Netflix Prize May Have Been Achieved 83
MadAnalyst writes "The long-running $1,000,000 competition to improve on the Netflix Cinematch recommendation system by 10% (in terms of the RMSE) may have finally been won. Recent results show a 10.05% improvement from the team called BellKor's Pragmatic Chaos, a merger between some of the teams who were getting close to the contest's goal. We've discussed this competition in the past."
No info about the Netflix prize (Score:2, Insightful)
C'mon, the Netflix prize isn't THAT well known. At least you could have given some basic info about it.
most of them did it (Score:5, Insightful)
for simple intellectual satisfaction, like a giant puzzle or a game of chess
money is not the motivation for everything in this world
Re:1 Million split 7 ways (Score:5, Insightful)
Well, just like the Ansari X Prize didn't cover the costs of developing and launching a suborbital rocket, the Netflix Prize isn't really meant to be a large enough prize to fully fund the development of a new recommendation algorithm. The purpose of the prize is to stimulate interest and get people started. The real reward will come when they turn their algorithm into commercialized software - the rewards from making such a thing applicable outside of Netflix could be large indeed.
Re:1 Million split 7 ways (Score:5, Insightful)
Pretty sure having it on their CV means they can effectively write their own pay cheque in terms of job opportunities.
Re:most of them did it (Score:2, Insightful)
Well, it was for AT&T. No, they don't want the prize money; they're donating it charity. But what they do have now is an algorithm that can be turned into a commercial product or service. The individual researchers may not have had money as their primary motivator, but their employer sure has hell did.
Re:Interesting (Score:4, Insightful)
Trying to recommend unpopular movies is problematic. Is the computer program going to be able to discern under-rated (Glengarry Glen Ross) or just crap (Ishtar)
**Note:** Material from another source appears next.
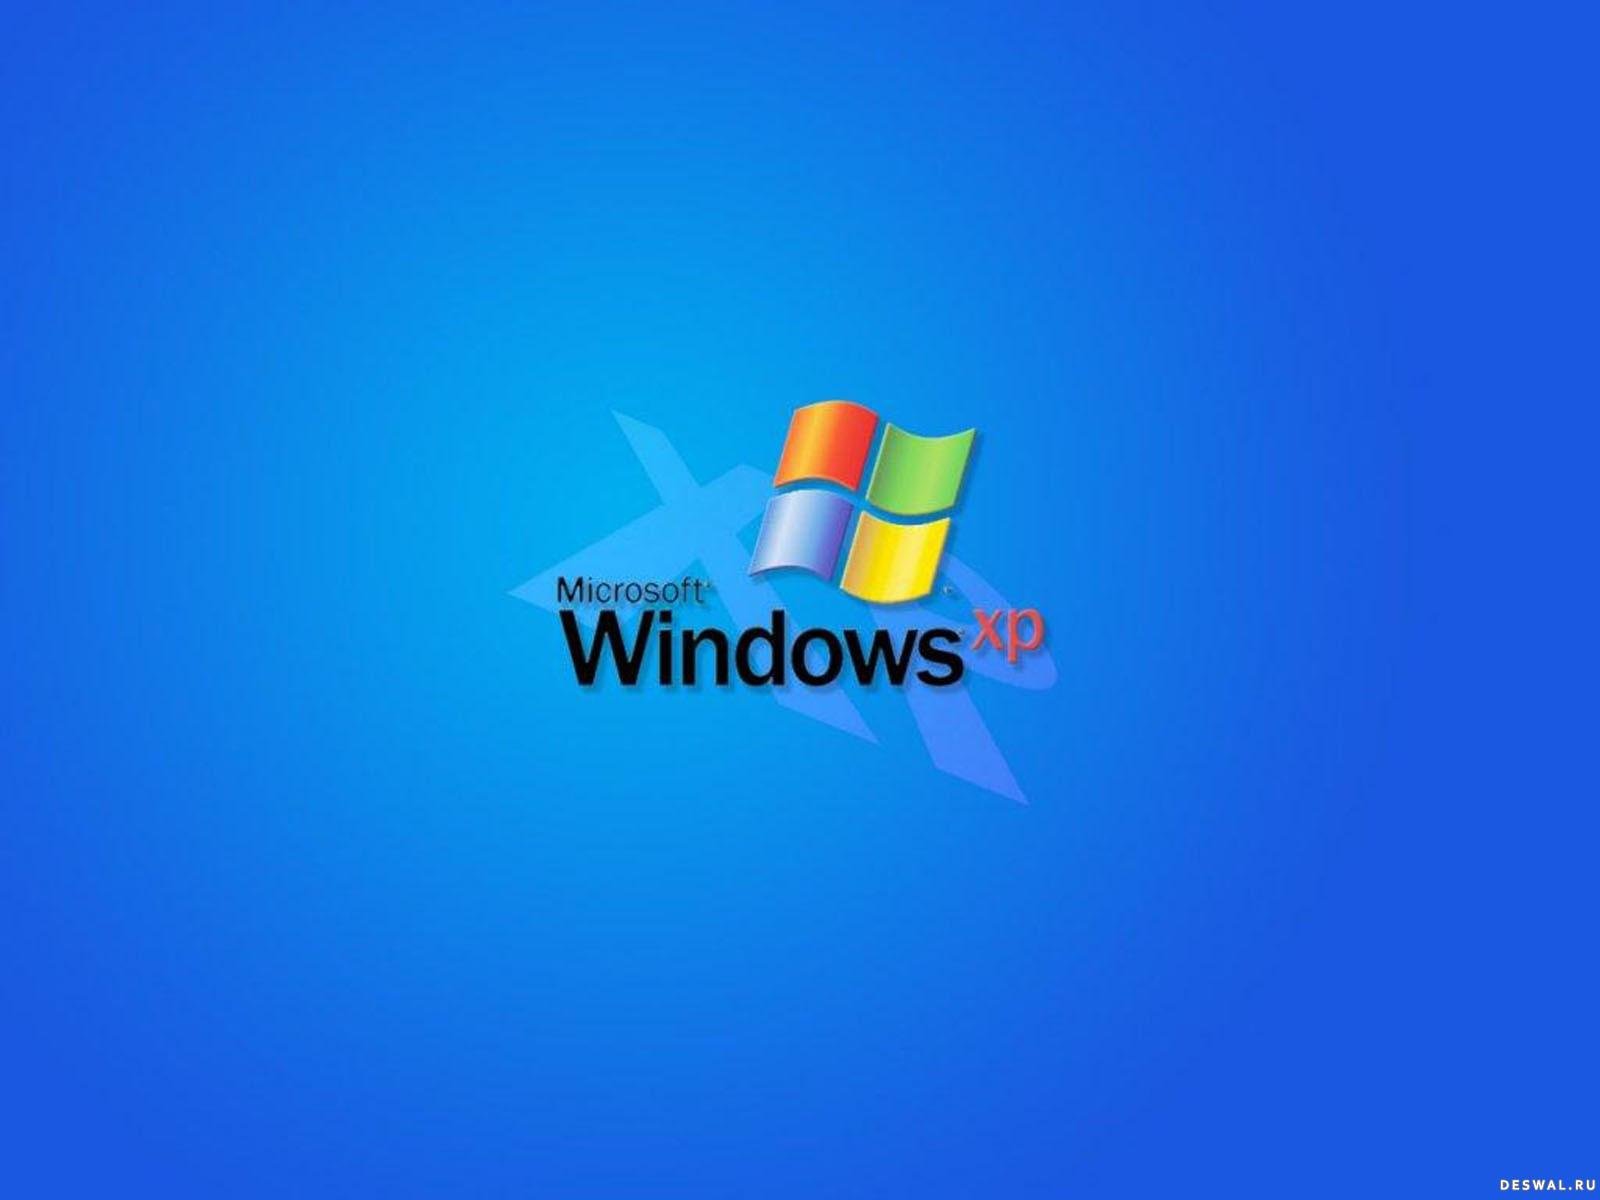 Фото 28. Нажмите на картинку с обоями windows, чтобы просмотреть ее в реальном размере

That is indeed an interesting question, and I think it's what the grandparent meant when he pointed out Netflix's contest didn't really address it. The performance measure Netflix used was root-mean squared error, so every prediction counts equally in determining your error. Since the vast majority of predictions in the data set are for frequently-watched films, effectively the prize was focused primarily on optimizing the common case: correctly predict whether someone will like or not like one of the very popular films. Of course, getting the unpopular films right too helps, but all else being equal, it's better to make even tiny improvements to your predictions of films that appear tons of times in the data set, than to make considerable improvements to less popular films' predictions, because the importance of getting a prediction right is in effect weighted by the film's popularity.
You could look at error from a movie-centric perspective, though, asking something like, "how good are your recommender algorithm's predictions for the average film?" That causes you to focus on different things, if an error of 1 star on Obscure Film predictions and an error of 1 star on Titanic predictions count the same.
Re:they were able to get the extra 0.5% over the t (Score:1, Insightful)
Re:Interesting (Score:3, Insightful)
That's true, but since there's not a huge range in ratings, that root-squaring doesn't have nearly as big an effect as the many orders of magnitude difference in popularity. I don't recall the exact numbers offhand, but I think the top-10 movies, out of 17,500, account for fully half the weight.
Re:Interesting (Score:2, Insightful)
You know what. I actually like Ishtar. I really do. The blind camel, and the line "We're not singers! We're songwriters!" gets me every time.
So really, the even harder problem is to know when to buck your your friends and go with the the outlier. It's hard, because kNN methods work pretty well, and they're all about going with the consensus of whatever cluster you're in.